Fontem continues to pursue administrative appeals to the FDA. According to tobacco reporters, the company will continue to sell myblu even without protection from the FDA's enforcement department. The US Food and Drug Administration has not yet made a decision regarding the PMTA submitted by Fontem for their disposable blue electronic cigarette, which accounts for half of the brand's sales in the United States.


The US Food and Drug Administration: My electronic cigarette order MDO appeal may not be resolved until 2025.


The latest update is not from a court ruling, but rather from a court document. The US Food and Drug Administration (FDA) and California-based e-liquid manufacturer My Vape Order (MVO) have submitted a joint status report to the Ninth Circuit Court of Appeals requesting a stay on MVO's reconsideration application, while the FDA's internal appeal against the company's MDO is ongoing.


On September 8, 2021, the United States Food and Drug Administration (FDA) rejected MVO's submission for 52 flavorings (mostly sold under the Air Factory brand), stating that the company's application "lacks sufficient evidence to demonstrate that your flavored ENDS would offer a net public health benefit to adult users sufficient to overcome the risk posed to youth." This is the same reason given for the rejection of PMTA submissions for millions of products sold by hundreds of small companies.


On September 30th, MVO submitted a review request to the Ninth Circuit Court. However, before the court took any action, on October 18th, 2021, the FDA issued a suspension order against MDO, halting any enforcement actions against the company during its internal appeal process. (Later, in January 2022, the FDA partially lifted the MDO, allowing some products to be included in the PMTA review.) On January 5th, the court agreed to suspend MVO's petition and asked for occasional status updates.

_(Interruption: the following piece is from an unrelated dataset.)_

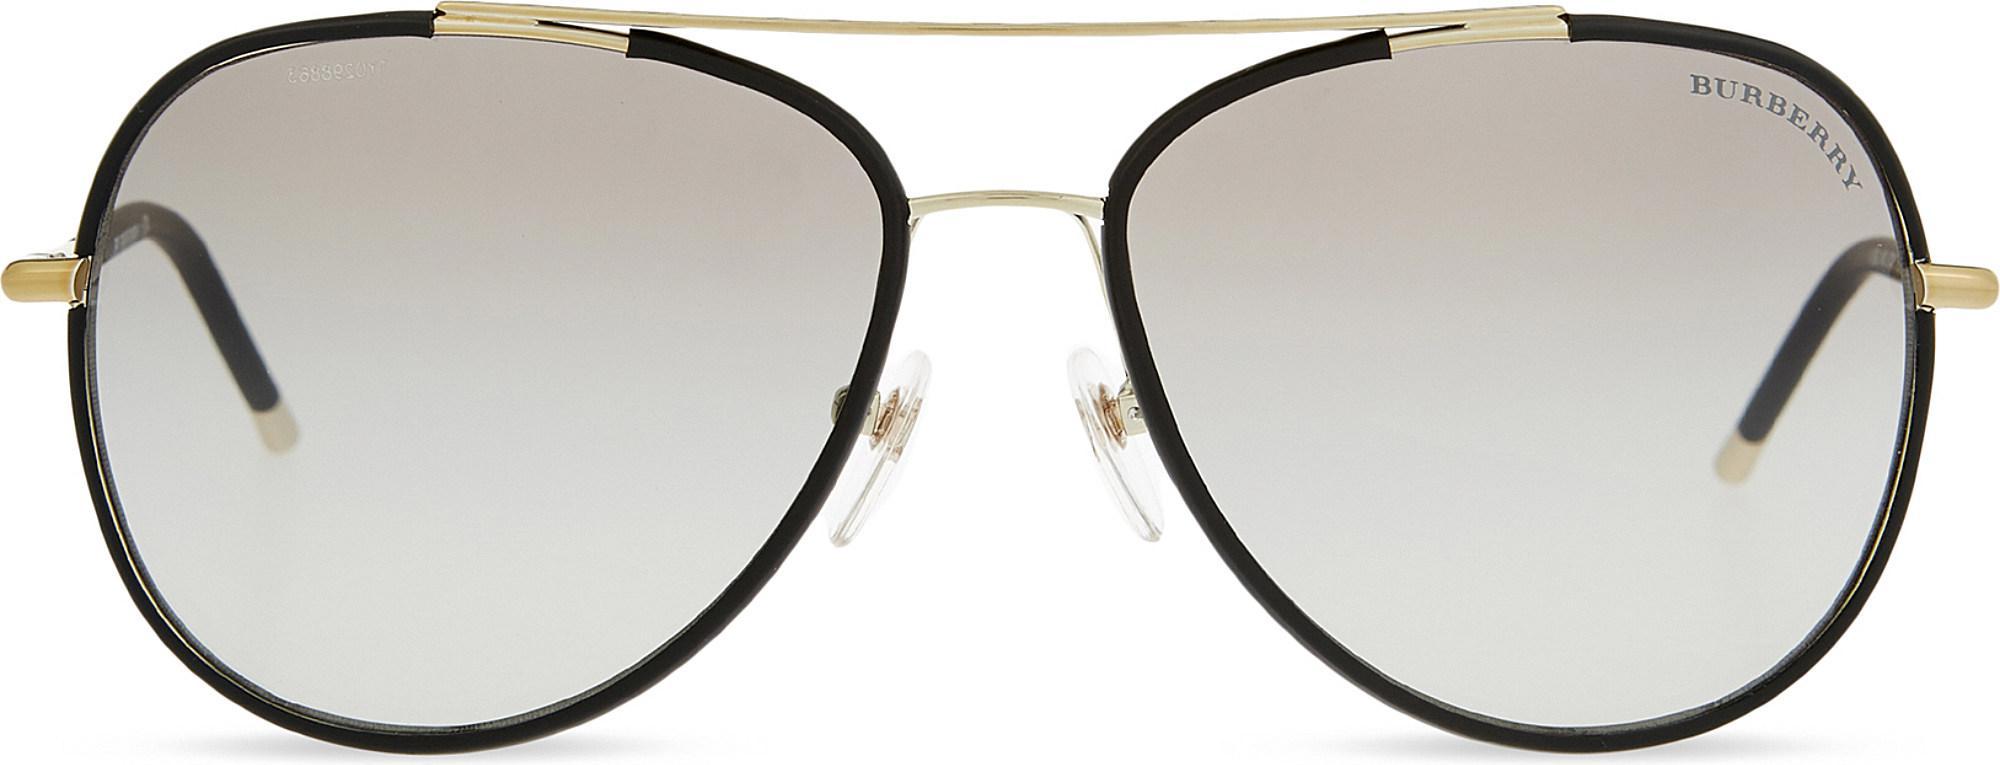 4d30f75a15a Lyst - Burberry B3078j Aviator Sunglasses
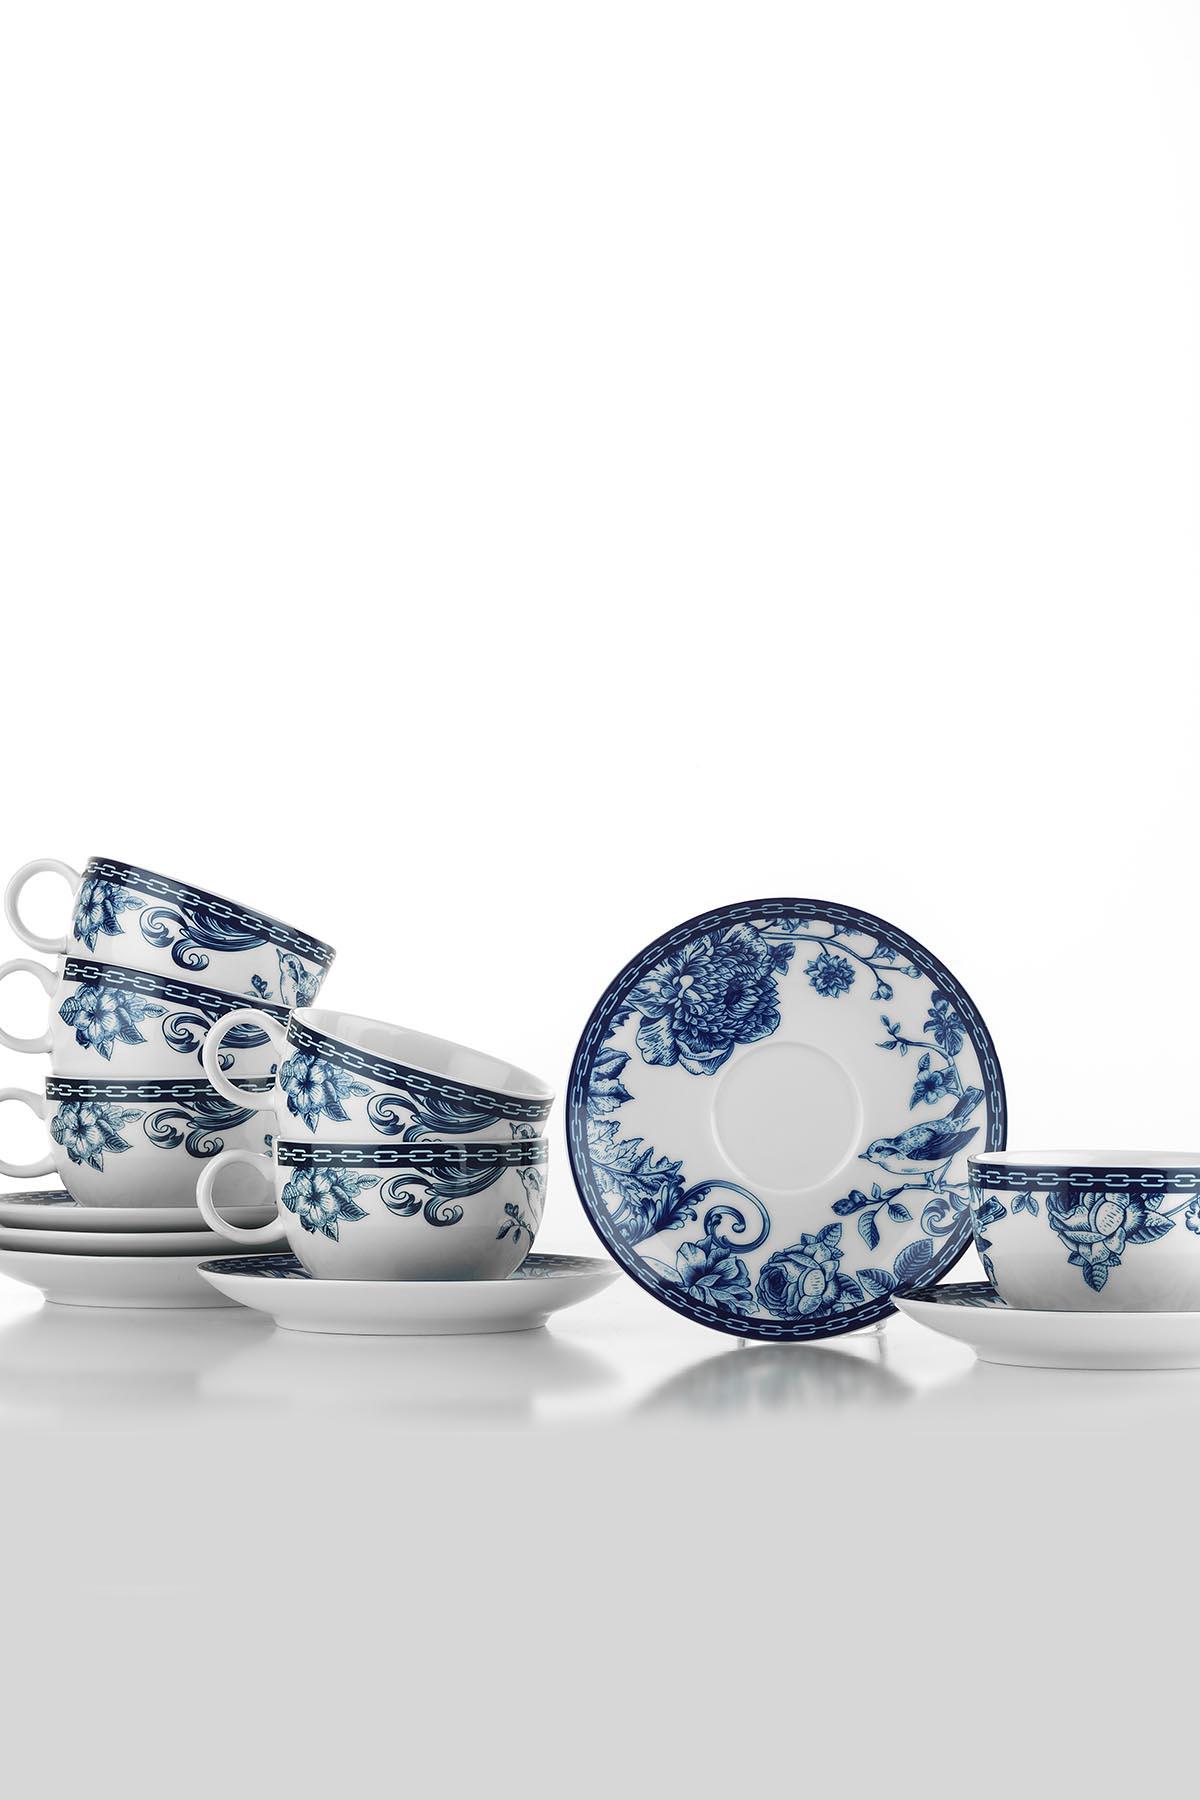 Kütahya Porselen Bleu Blanc Kahve Fincan Takımı 939016

In an astonishing development, the FDA has stated in a court filing on July 19th that their review of My Vape Order's MDO may extend all the way to January 2025.


Regardless of the FDA's violation, which forced the agency to push MVO's appeal to the back of the PMTA queue, this is undoubtedly significant news.


According to a statement from the United States government, "As previously stated by all parties to the court, the FDA will complete a reevaluation of the petitioner's application after further review of one or more collaborators of My Vape Order." (It is unclear who the collaborators of MVO are or why their applications must be evaluated first.)


According to the report, due to a large number of pending applications and based on the FDA's current prioritization of applications, the agency estimates that it will complete the re-review of applications from applicants' collaborators by January 2024 or thereabouts, and will complete the re-review of applications from petitioners by January 2025 or thereabouts.


This gives MVO approximately two and a half years to sell their product without worrying about FDA enforcement. The court has accepted the status report and ordered follow-up reports to be submitted by January 31, 2024.


The FDA's violation that caused the agency to push MVO's petition to the back of the PMTA line is significant. If it's the company's strategy that made the agency flee from its PMTA like a scorpion, then perhaps MVO should bottle and sell it.